In the feature discrimination task (FDT), participants are presented with a short, written description of a problem-oriented scenario. On the basis of this information, they are asked to select a response from four possible options based on their typical response (i.e., “What would be your first response in this situation?”). Having selected a response, participants are presented with a list of features that were incorporated in the scenario and are asked to rate, with reference to the decision, the perceived importance of the features using a 10-point Likert scale (from 1 = Not important at all to 10 = Extremely important). In the FDT, higher cue utilization is associated with greater variance across feature-relevance ratings (Pauley et al., 2009; Weiss & Shanteau, 2003), where participants are more likely to select either Not important at all (1) or Extremely important (10).

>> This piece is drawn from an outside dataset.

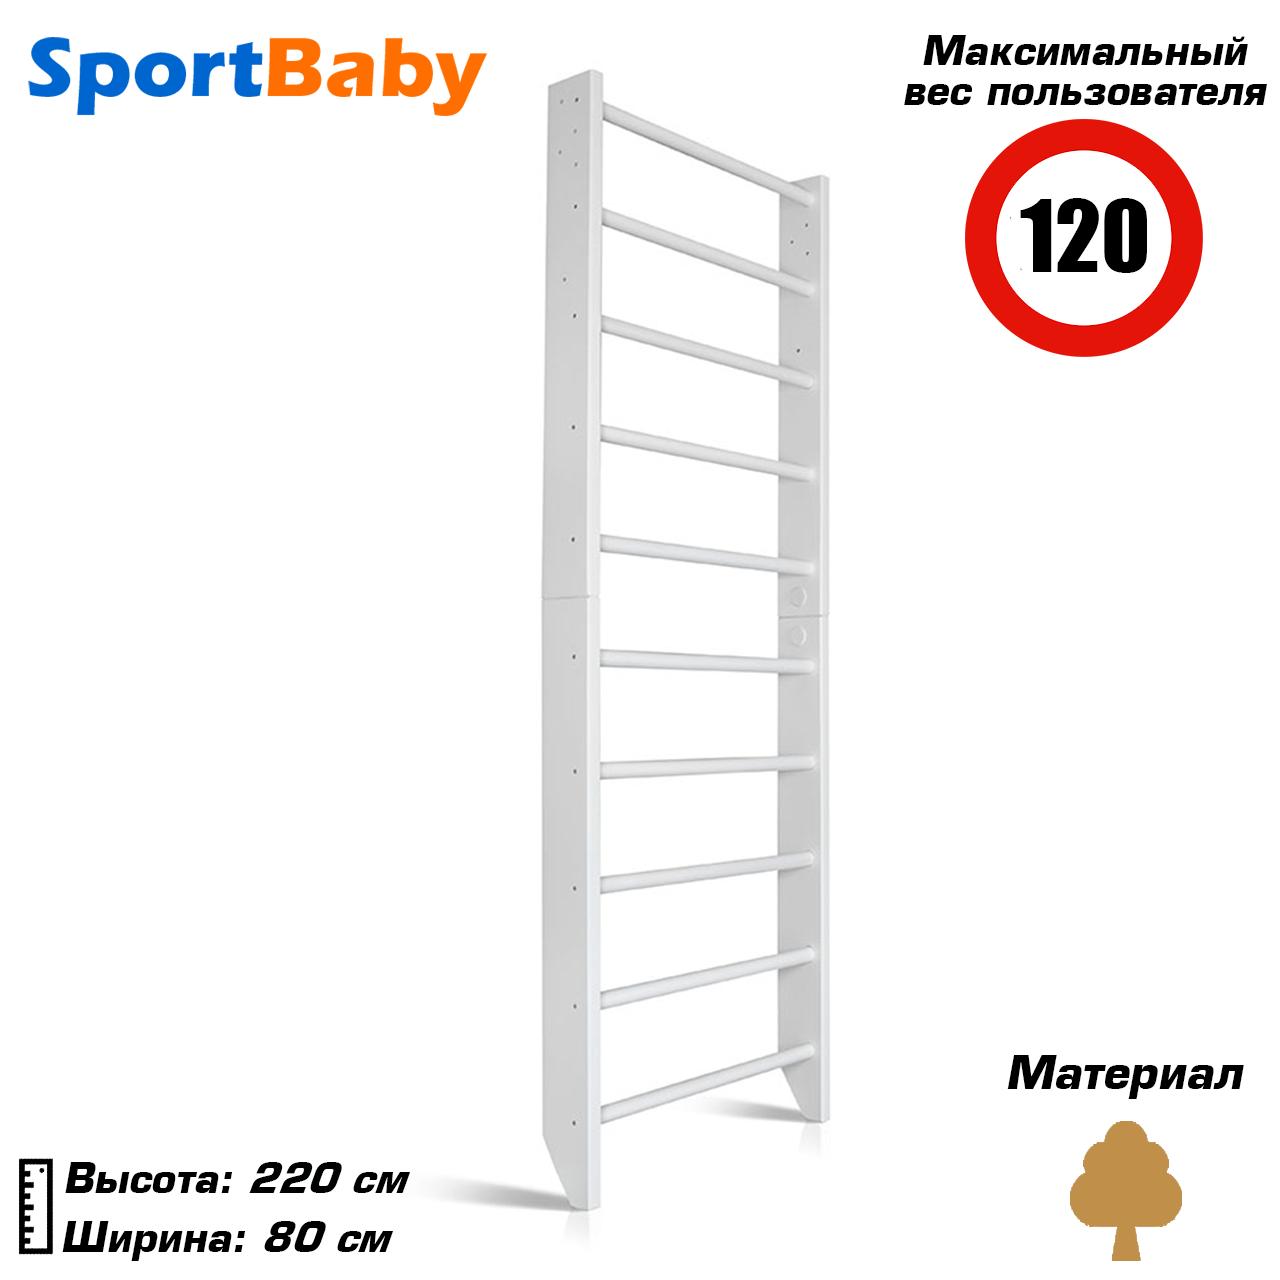 Шведская стенка для детей - 0-220 (White)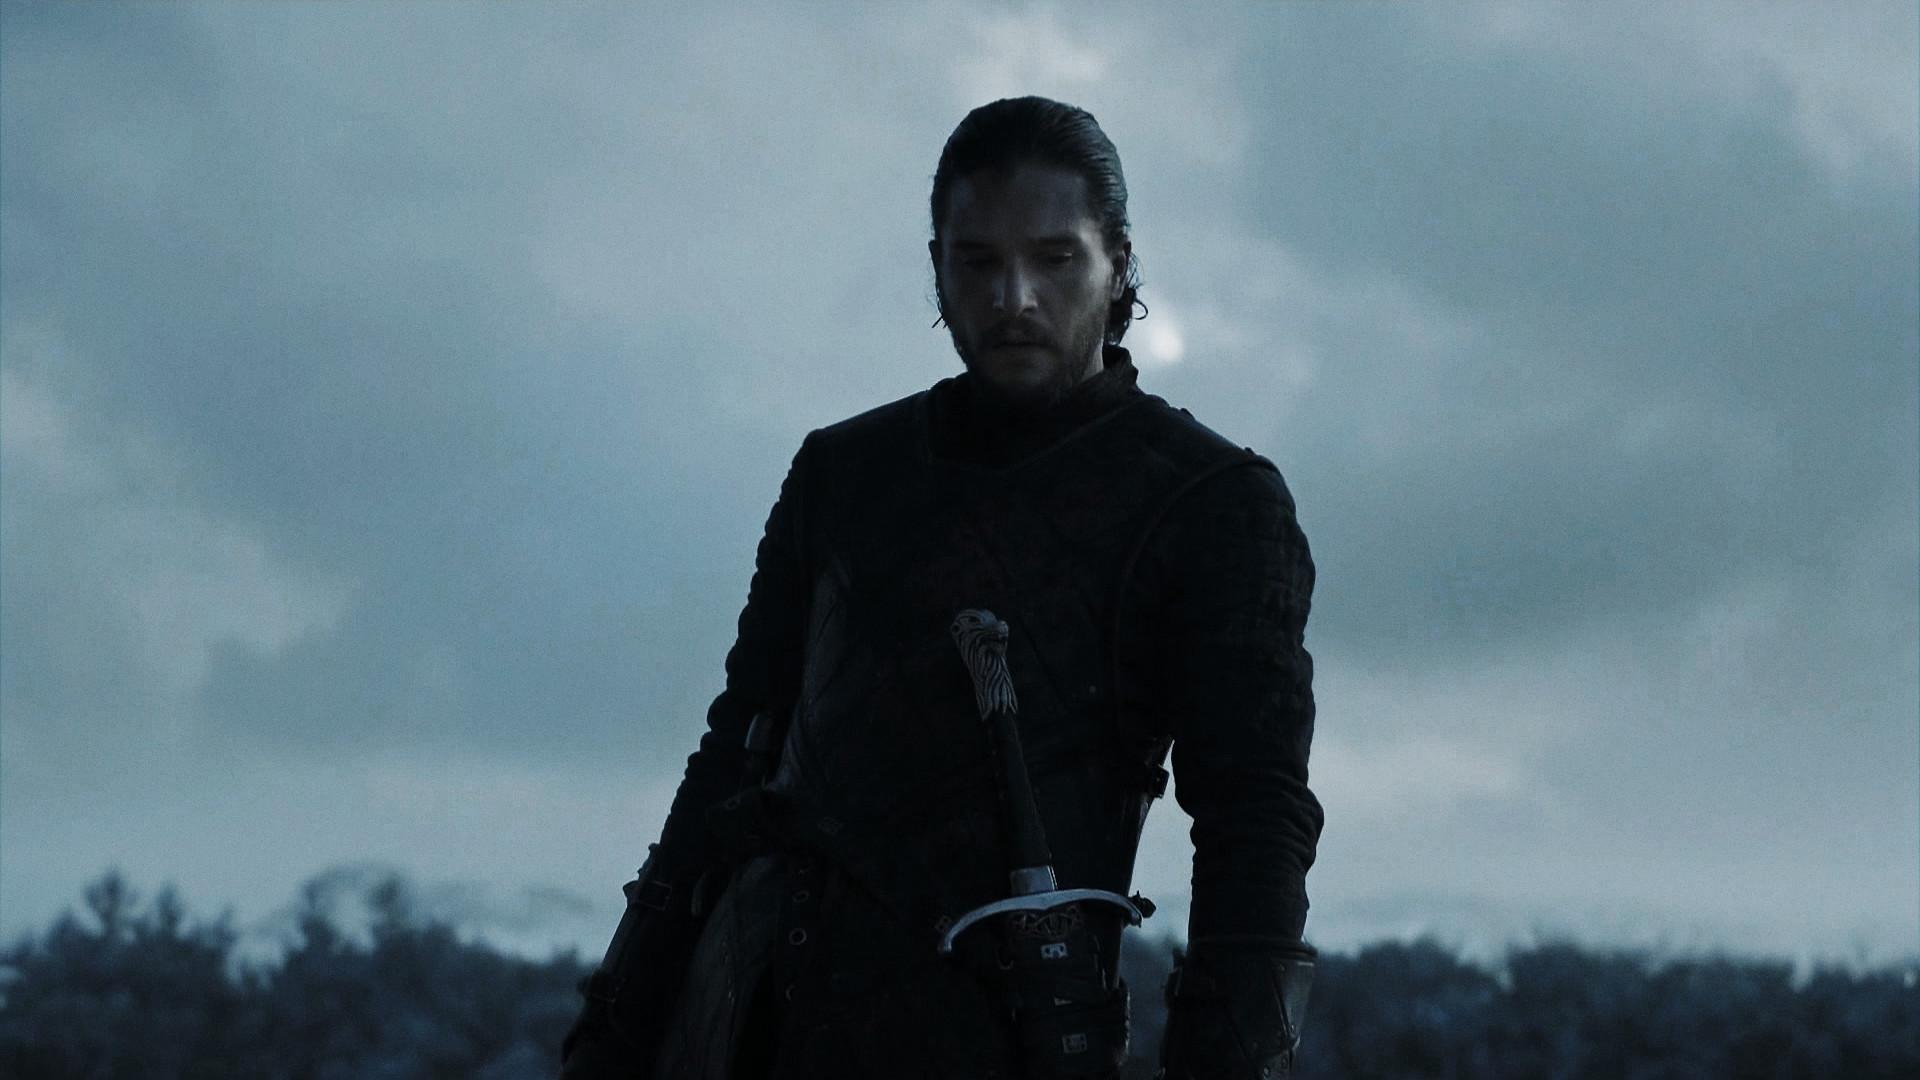 Res: 1920x1080, Fernsehserien - Game Of Thrones Jon Snow Kit Harington Wallpaper

For the feature prioritization task (FPT), participants are required to prioritize information to solve a histopathology-related problem. The histopathologists were presented with incomplete, descriptive scenarios (“You are doing routine reporting. As quickly as possible, access the information below that you feel is necessary to decide on your response.”), and were provided a list of 14 information screens (feature cues), varying in relevance and presented randomly in drop-down tabs from which feature-related information could be accessed (e.g., “Clinical impression,” “Low power microscopic image”). Participants with higher cue utilization tend to access the information in a less sequential manner, reflecting their ability to prioritize the information perceived as important to their goal. Meanwhile, participants with lower levels of cue utilization tend to access the submenus in a more sequential manner, accessing features as they are listed (Wiggins & O’Hare, 1995). Higher cue utilization is associated with a lower frequency of pairs of features accessed in sequence, calculated as a proportion of the total frequency of pairs of features accessed during the scenario (Wiggins & O’Hare, 1995; Table 1).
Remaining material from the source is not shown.